Women inhaled it, and many sought the care of midwives. But
we failed to pass our knowledge, experience and valuing of
normal birth to the next generation of young women. In this
video Suzanne Arms uses still photos and live footage to
show the power and sacredness of birth—impossible to
explain with mere words—letting women and men know what
they are losing when they accept the substitute of a
medicalized (and often surgicalized) delivery."
—Judith P. Rooks, CNM, MPH, MS, Author of Midwifery and
Childbirth in America
"This video should be shown in high school sex education
programs everywhere. It promotes a healthy respect for
sexuality, family-centered approach to childbearing, father
involvement in birth and nurturing, and a "Say No to Drugs"

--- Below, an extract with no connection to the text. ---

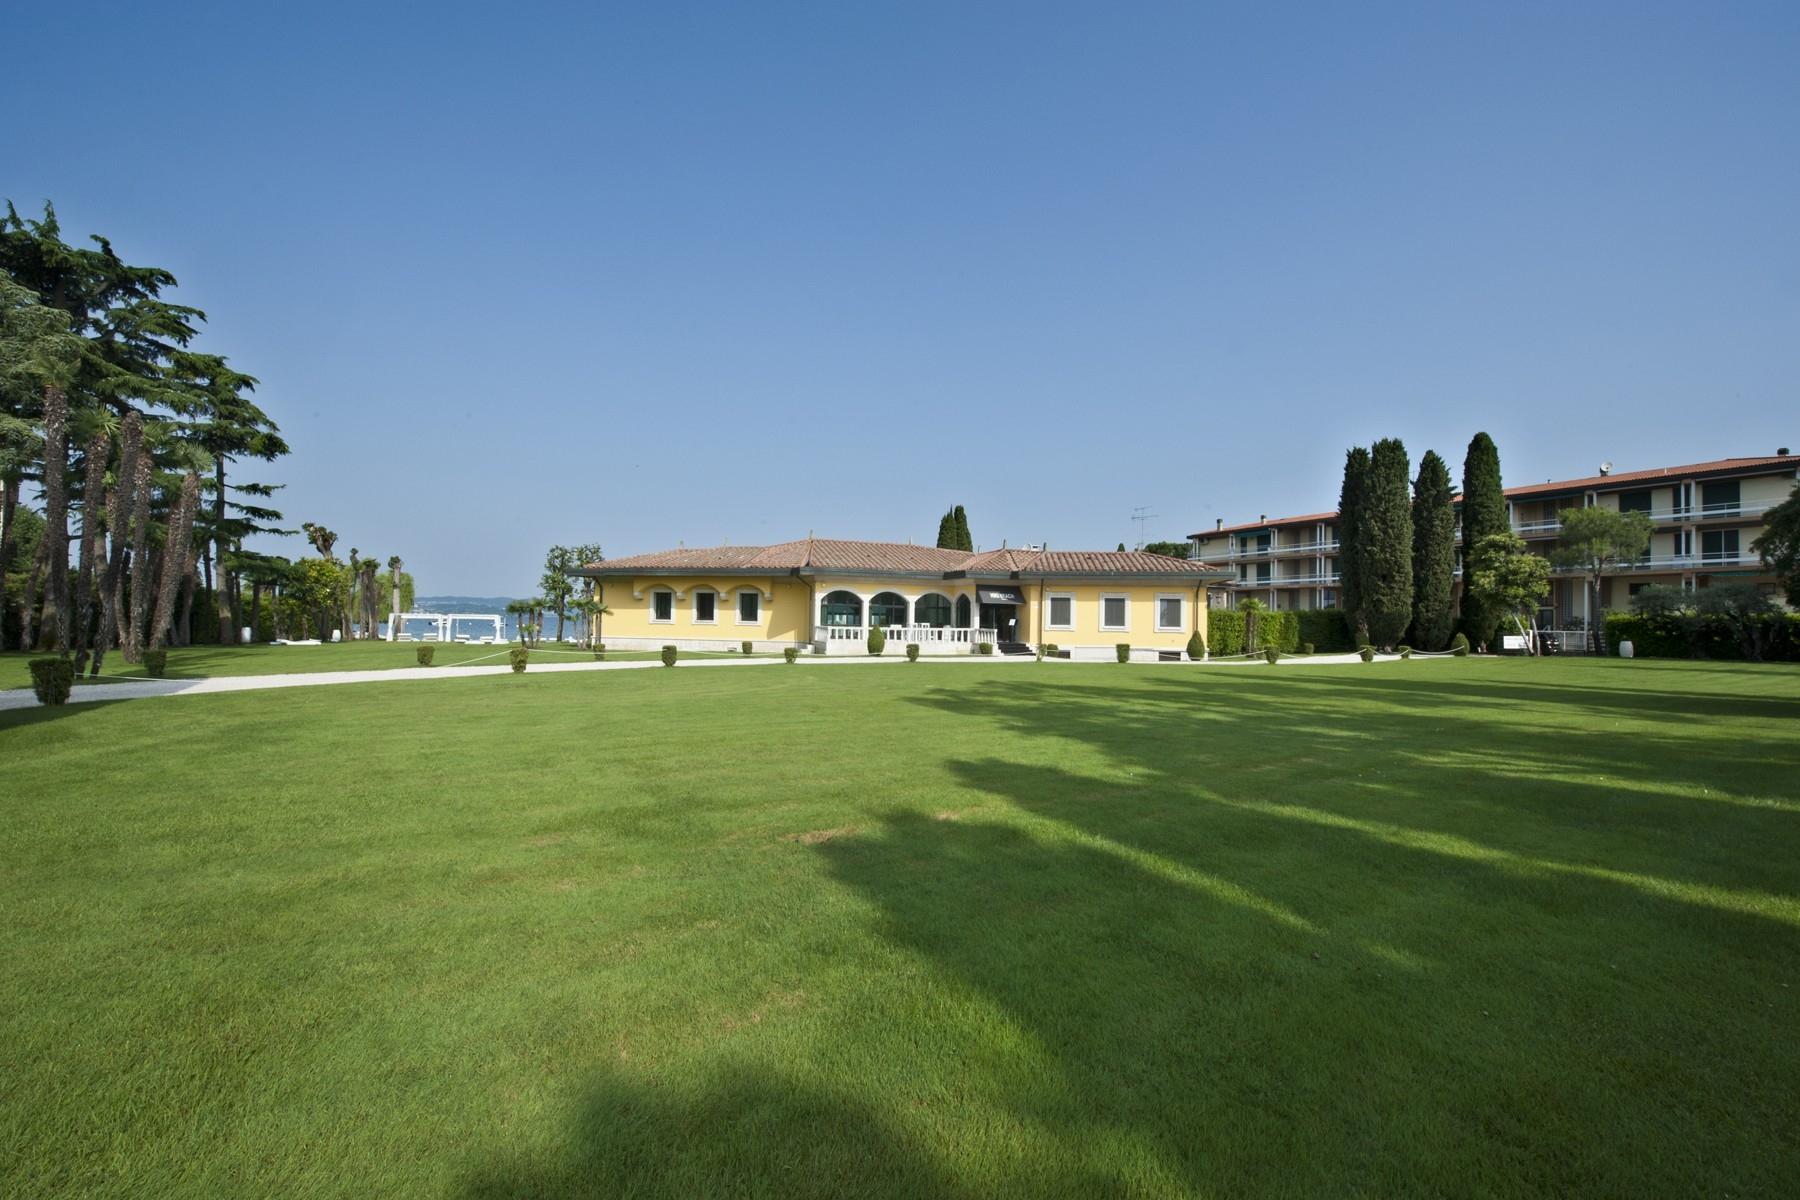 Villa in Vendita a Sirmione: 5 locali, 550 mq - Foto 5

attitude toward birth that is important to newborns and
which young women should start to think about. In short, it
provides very positive role models for our young
people."
—Tracy Romm, EdD Principal, Roeper High School,
Bloomfield Hills, Michigan
"My son and German daughter-in-law watched this video 10
times before they returned to Germany, where they are going
to have a baby. Now they've decided to have a birth at home
with a midwife."
—Suzanna Alexander, Certified Doula
"One of my favorite moments was when the video was over,
the absolute silence in the room, followed by the
collective sounds of sniffles and tissues being brought out
to dry the eyes."
—From an evaluation at a national nurse-midwifery
conference
"A powerful, beautiful and moving film, well-researched
and firmly rooted in scientific evidence. It will enable
women to make positive choices and find the strength to
achieve their aims in birth."
—Sheila Kitzinger, Anthropologist and Author
"I am 42. Three days ago I found out I am pregnant with
my first baby. I would have been delighted, but I've been
consumed with fear as a result of being bombarded with
other peoples fears and what ifs about giving birth at my
age. As I watched this video my whole being softened. I now
feel powerful, knowing I can birth this baby
naturally."
—Debra Bryant, Sex Educator
"When I wanted o show my women's studies students a
video on childbirth and midwifery I previewed dozens of
videos. And this is the one I chose, because it presents a
well-rounded sense of the issues. Most women's studies
students have never considered childbirth to be a
significant feminist issue until they viewed this
video."
—Pam Vetro, PhD, Professor of Women's Studies
"I showed Suzanne's video to my partner's extended
family, all of whom are from Ecuador; his mother and
father, his brothers, brother's wife, cousins, friends.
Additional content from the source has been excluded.